Frameworks for two of the three types of sources have been developed for survey and administrative data [9], and for survey and big data [10]. Quality frameworks agnostic to the type of input data are often focused on statistical output rather than on the input data [11, 12]. Though the intended application of such frameworks is not specifically to assess a single data source for the purpose of creating a multi-source statistic, the underlying quality dimensions are relevant to consider for specific sources [13, 14].

The current paper repurposes similarities observed between existing quality frameworks and proposes a framework applicable when survey, administrative data and big data are combined. The framework is meant to be applied during the design phase of a (new) statistic. After application of the framework and selecting which sources will be used for the statistic, an exploratory analysis of the data sources is recommended to validate the assessments of the framework and to select which methods are most suitable. In terms of the hyperdimensions introduced by Karr, the proposed framework mainly focuses on the data hyperdimension of quality [15]. The framework takes into account the target variable and target population of the intended statistic. Additionally, it includes the intended aggregation level and any available accompanying data.

The remainder of this paper is organised as follows. In Section 2 we describe the dimensions and categories of the quality framework. In Section 3 the quality framework is applied to two case studies. Finally, Section 4 contains a conclusion as well as a discussion.

2.Dimensions for categorisation of data sets

The quality framework presented in this paper is applied to multiple data sets by individually assessing each data set and later combining the results. The quality of each individual data set is assessed by a set of dimensions. Each dimension consists of categories that were chosen such that they summarise the information relevant to the process of combining the data set with other data sets to create an intended statistic within a given context. The other data sets which are considered for combining with the current data set, are called accompanying data. More than one category may be applicable per dimension.

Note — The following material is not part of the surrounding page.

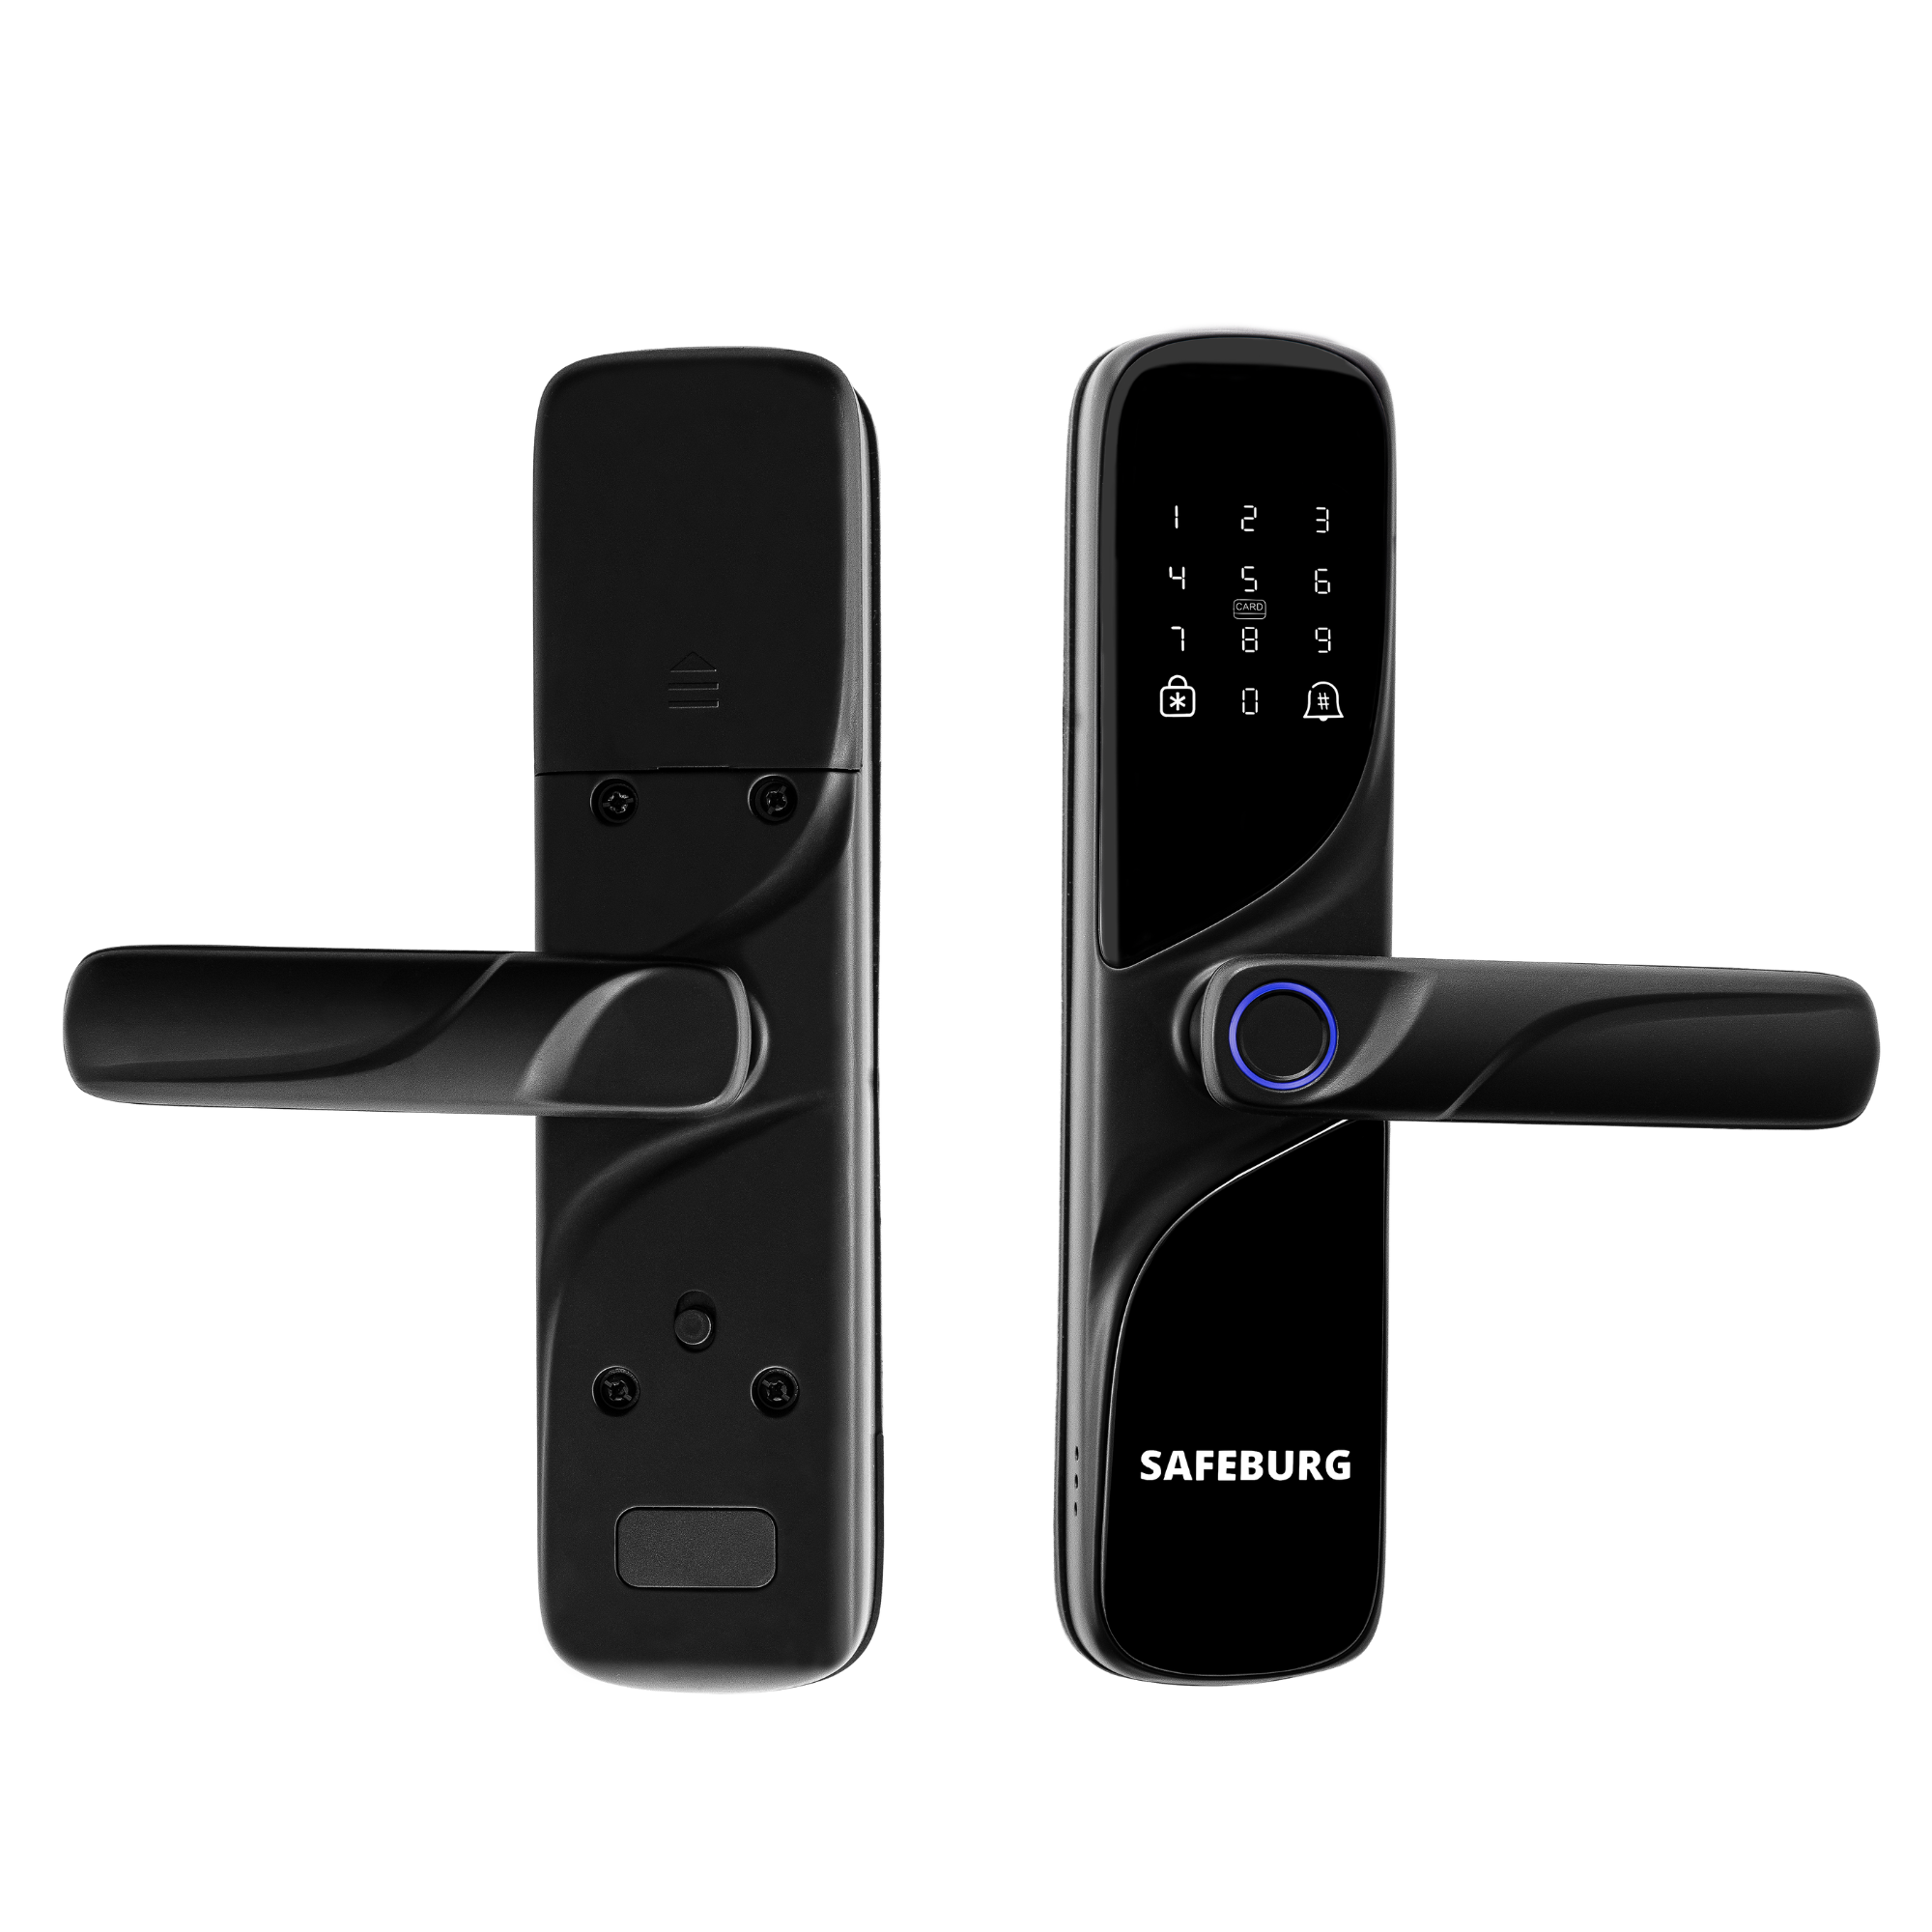 Электронный биометрический дверной замок SAFEBURG SMART X-1, с отпечатком пальца и картой электронный замок xiaomi lockin sv40 с сканером вен пальца руки

The starting point before application of the framework, is to define the context in which it will be applied. The context can be interpreted as the perspective from which we will look at the data set, and should be determined before the data set is categorised. The context of the intended statistic consists of a target variable, target population and aggregation level, as well as available accompanying data. The time dimension is considered part of the aggregation level.

Each of the sources that is considered for use with respect to the intended statistic is assessed individually. In the context of this assessment, the other sources that are not subject of this assessment, are considered as accompanying data. After this, the assessments per source are combined to judge whether the combination of sources can be used to produce the intended statistic.

The assessment of some dimensions requires information about the collection method of the data, especially if it was carried out by other organisations. If this information is unavailable, it may not be apparent from the data itself which categories apply. In these cases, the undetermined category is most applicable.

Each dimension is meant to answer a key question relevant to the usefulness of the data source for the purpose specified within the context. We propose the following dimensions for categorising a data set for the purpose of combining it with other sources within a specified context:

Relevance: Does the data contain information related to the intended statistic?

  • Directly relevant. The data contains the target variable, or a variable that so closely resembles the target variable which implies that no accompanying data, variable or model is needed to extract the target variable at the intended aggregation level.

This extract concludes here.